EXPEDIA GROUP TECHNOLOGY — SOFTWARE
Migrating to WKWebView
With deprecation looming, it is time to move away from UIWebView, and fully embrace WebKit for embedding web experiences.
Deprecation alarm bells
In the Hotels.com™ iOS app, a web view is presented for some of the user journey. For example, when the user is signing in, or checking their loyalty status. UIWebView
from UIKit was used to handle this. We had briefly looked at using the newer web view class WKWebView
from WebKit, but couldn’t see a big enough gain from switching. However, alarm bells rang when, in 2017, Apple announced that UIWebView
would be deprecated. Initially, this was scheduled for iOS 11, but Apple delayed the deprecation to iOS 12. It was time to turn our backs on our old friend UIWebView
, and to fully embrace WKWebView
for all our embedded web views.
Benefits of migrating
UIWebView
is over ten years old, and has watched longingly as front-end web technologies have evolved rapidly out of reach of its capabilities. WKWebView
was first made available in iOS 8 and has had time for early issues to be ironed out.
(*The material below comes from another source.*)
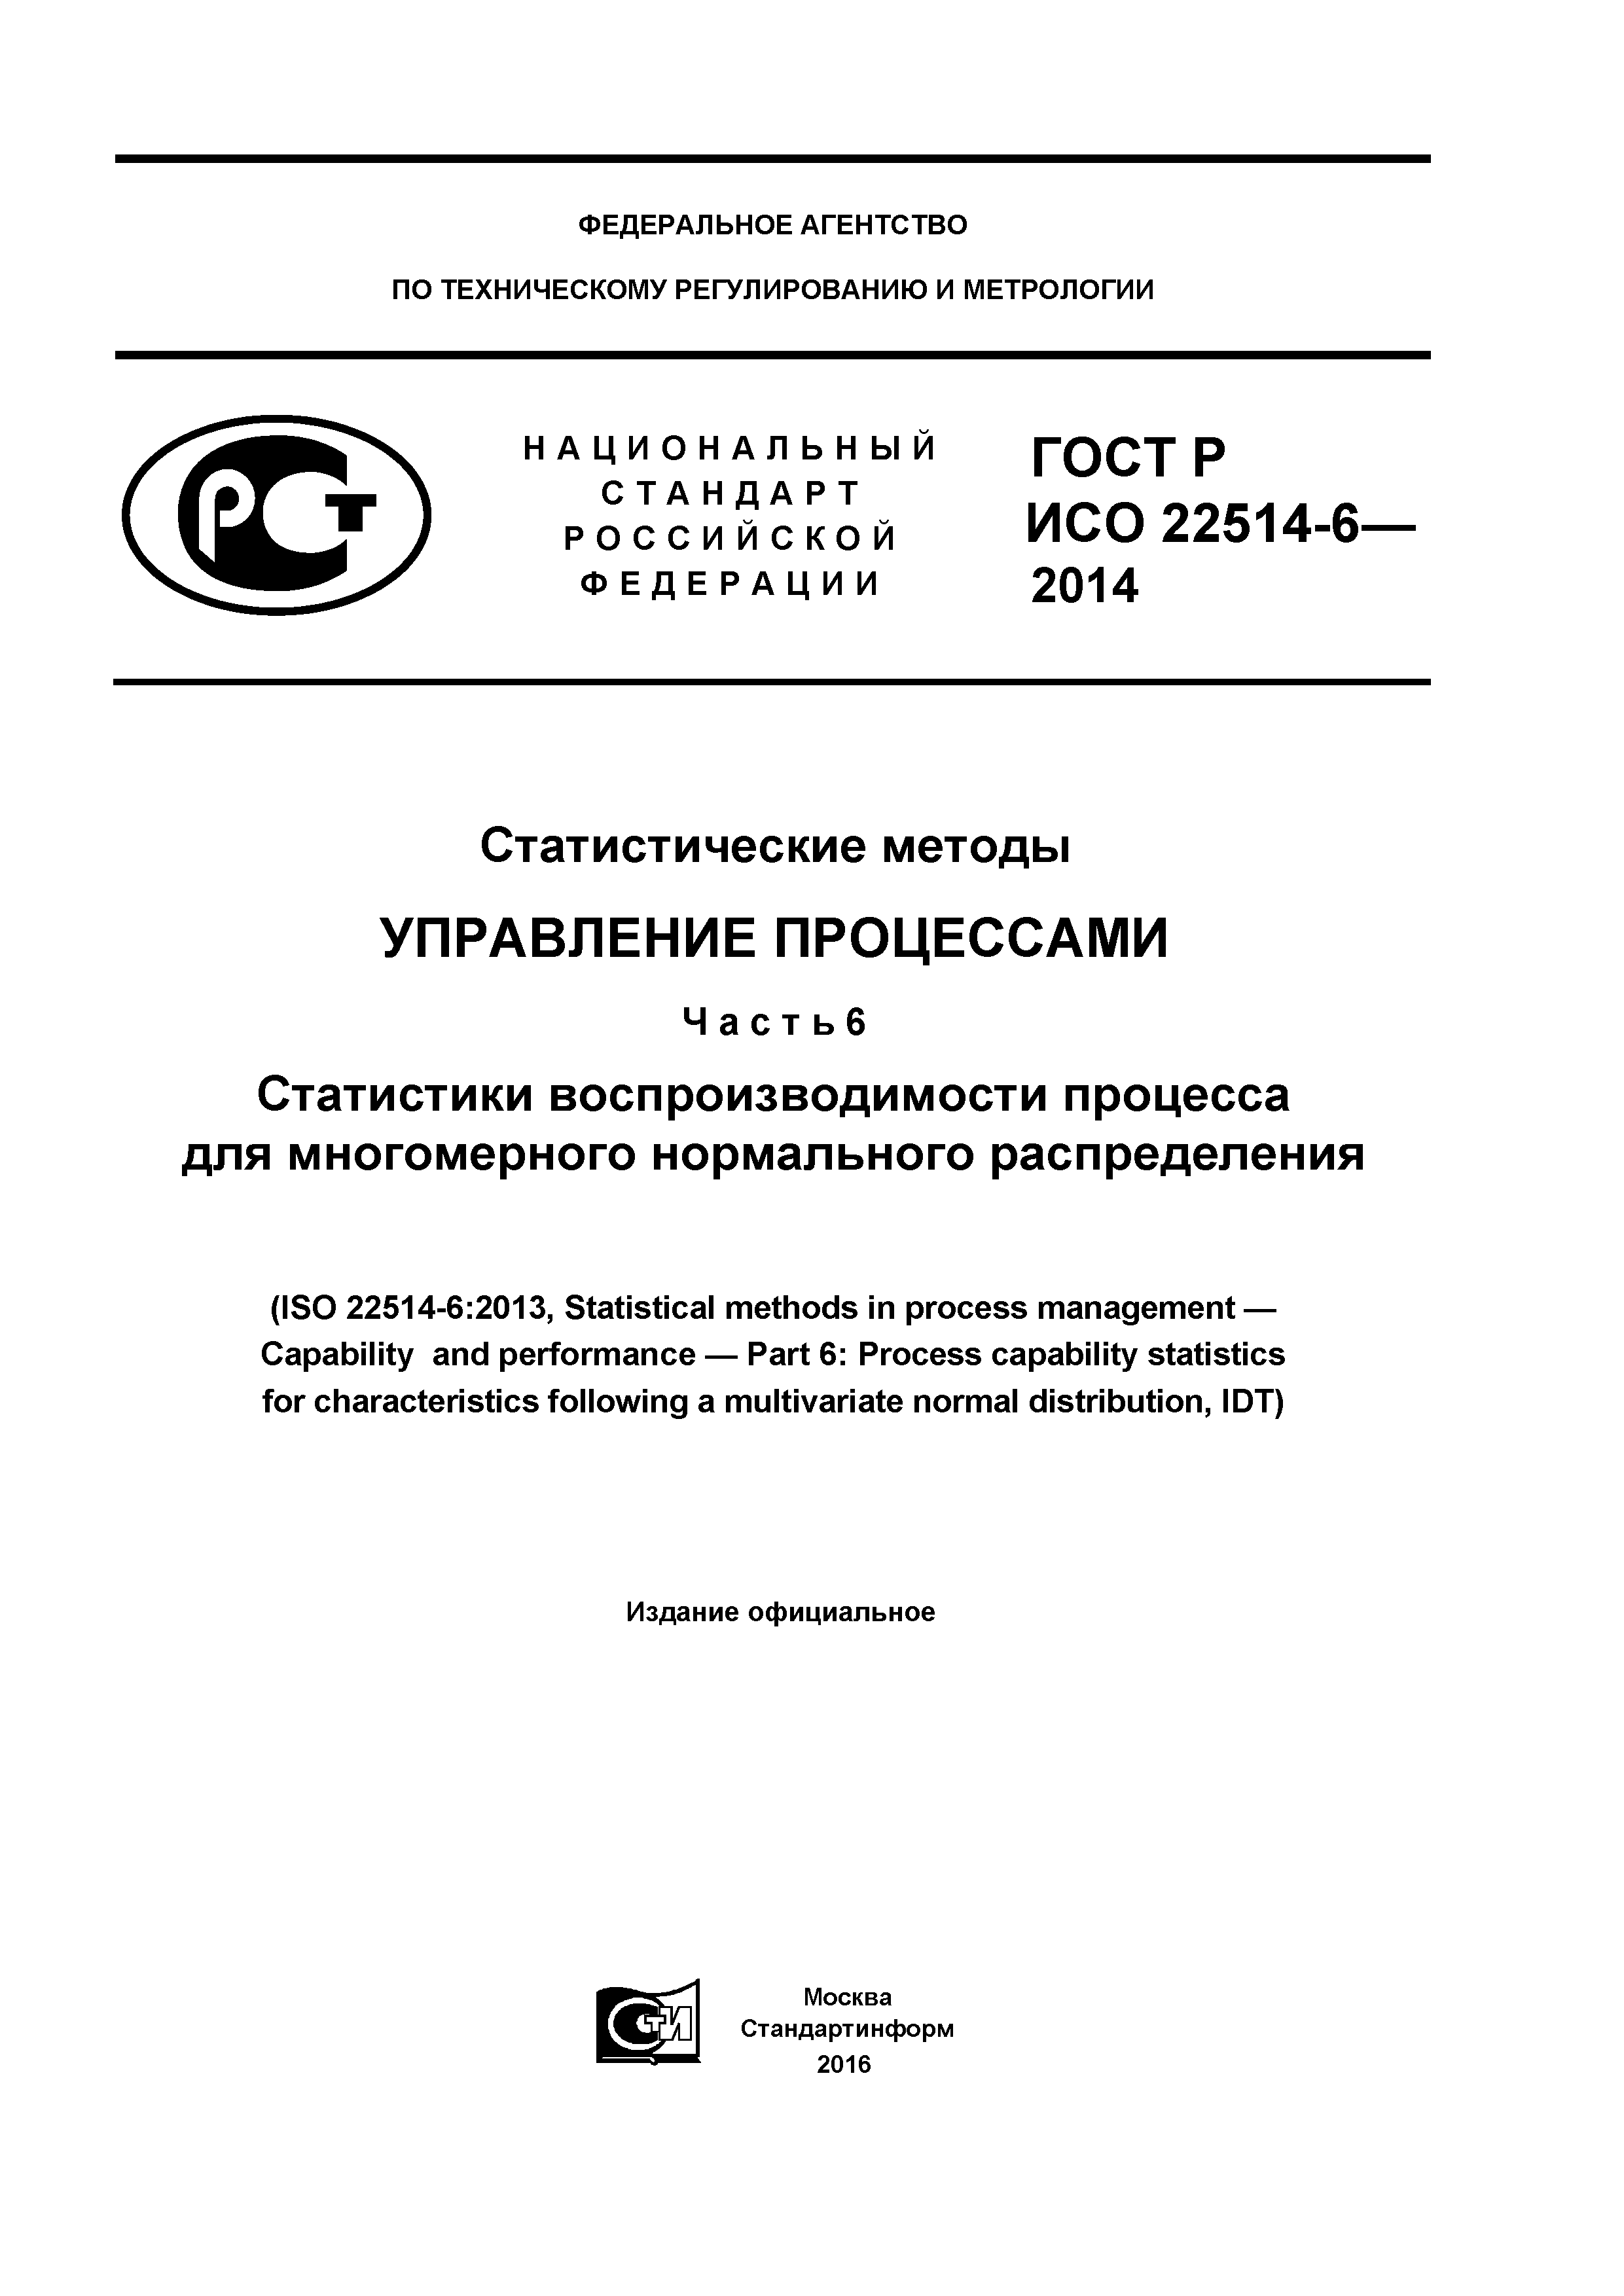 ГОСТ Р ИСО 22514-6-2014

In addition to having the all-clear to drop iOS 12 when the time comes, there is a lot to gain from adopting this new web view class:
WKWebView
is equipped with the Nitro JavaScript engine, allowing in-app web experiences to finally be on par with Safari.- This web view runs out-of-process, which means if a page causes
WKWebView
to crash, it does not crash your app. - ‘Messages’ can be received from Javascript by implementing a message handler. For example, if the page runs this…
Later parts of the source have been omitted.